Только сейчас он смог забыться в тревожном сне, из которого его бесцеремонно вытряхнули, трясся из стороны в стороны со всей силы.
Артонио Гнимани улыбнулся. Спустя месяцы нелёгкого путешествия, больной всё же смог продержаться достаточно, чтобы дождаться причитавшегося ему по закону лекарства.
— Наконец-то всё исполнится.
Едва сумев открыть глаза, больной мужчина не сразу понял, кто стоит перед ним. Но когда понял, его зраки расширились от нахлынувших чувств и переживаний.
От ужаса.
— Беппо Вампа, осуждённый за убийство и грабежи.
Артонио Гнимани был совершенно счастлив и испытывал гамму удовольствия, наблюдая за тем, как бледное лицо преступника белеет и покрывается складками.
— Твоё время наступает. Как только ты будешь излечен, в силу вступит вынесенный приговор. Если к тому времени мы не вернёмся на родину, он будет приведён в действие на месте.
Жандарм с едва зашитыми ранами, жутко исполосовавшими лицо, плотоядно воззрился на человека в кровати, становясь всё больше и больше, в то время как последний всё съёживался и съёживался.
— Наконец-то закон восторжествует, и я, Артонио Гнимани, вновь полужу его гарантом.
Больной попытался заслониться от этого взора, вскинув руки, но из-под одеяла показались только забинтованные обрубки. Жандарм счастливо рассмеялся.
— Беппо Вампа, я лишил твоё тело рук и ног, чтобы ты не смог сбежать, но яд почти забрал тебя у меня.
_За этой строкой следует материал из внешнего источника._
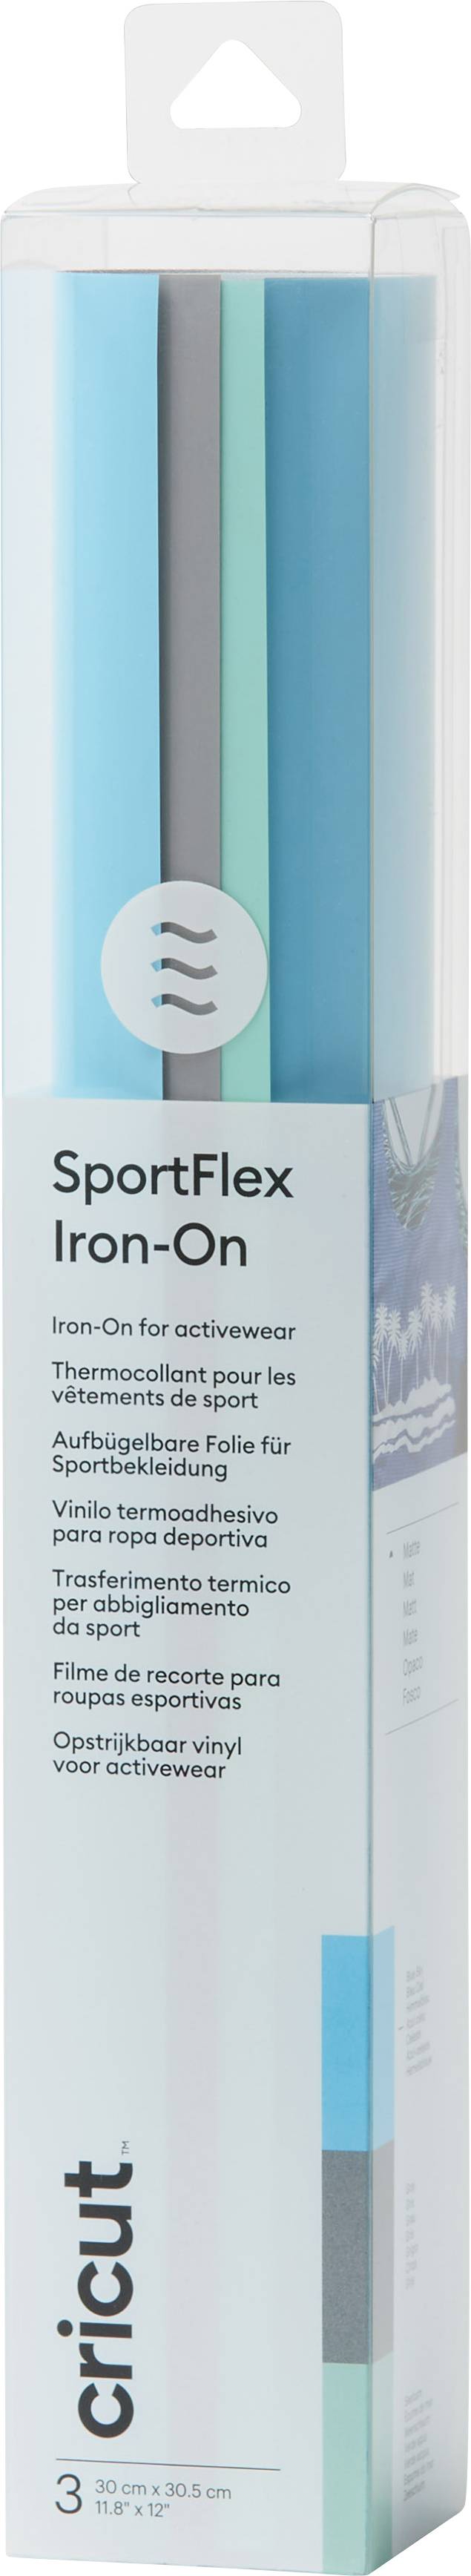 Buy Cricut SportFlex Iron-On Film Light blue, Grey, Turquoise

Но совсем скоро ты умрёшь. Так, как и должно. Посредством приговора, а не по какой-то прихоти судьбы.
Человек в кровати заплакал, и Артонио продолжал, продолжал смотреть на него, впитывая всё, стараясь запомнить мельчайшие подробности картины перед ним.
— Dura lex, sed lex[3], воистину, как прекрасно!
.......................................................................................................................
[1] — железный полусферический шлем, плотно облегавший голову, иногда одеваемый под другой, основной шлем.
[2] — «клюв ворона» (старофранц.), боевой молот.
[3] — «Закон суров, но это закон» (лат.).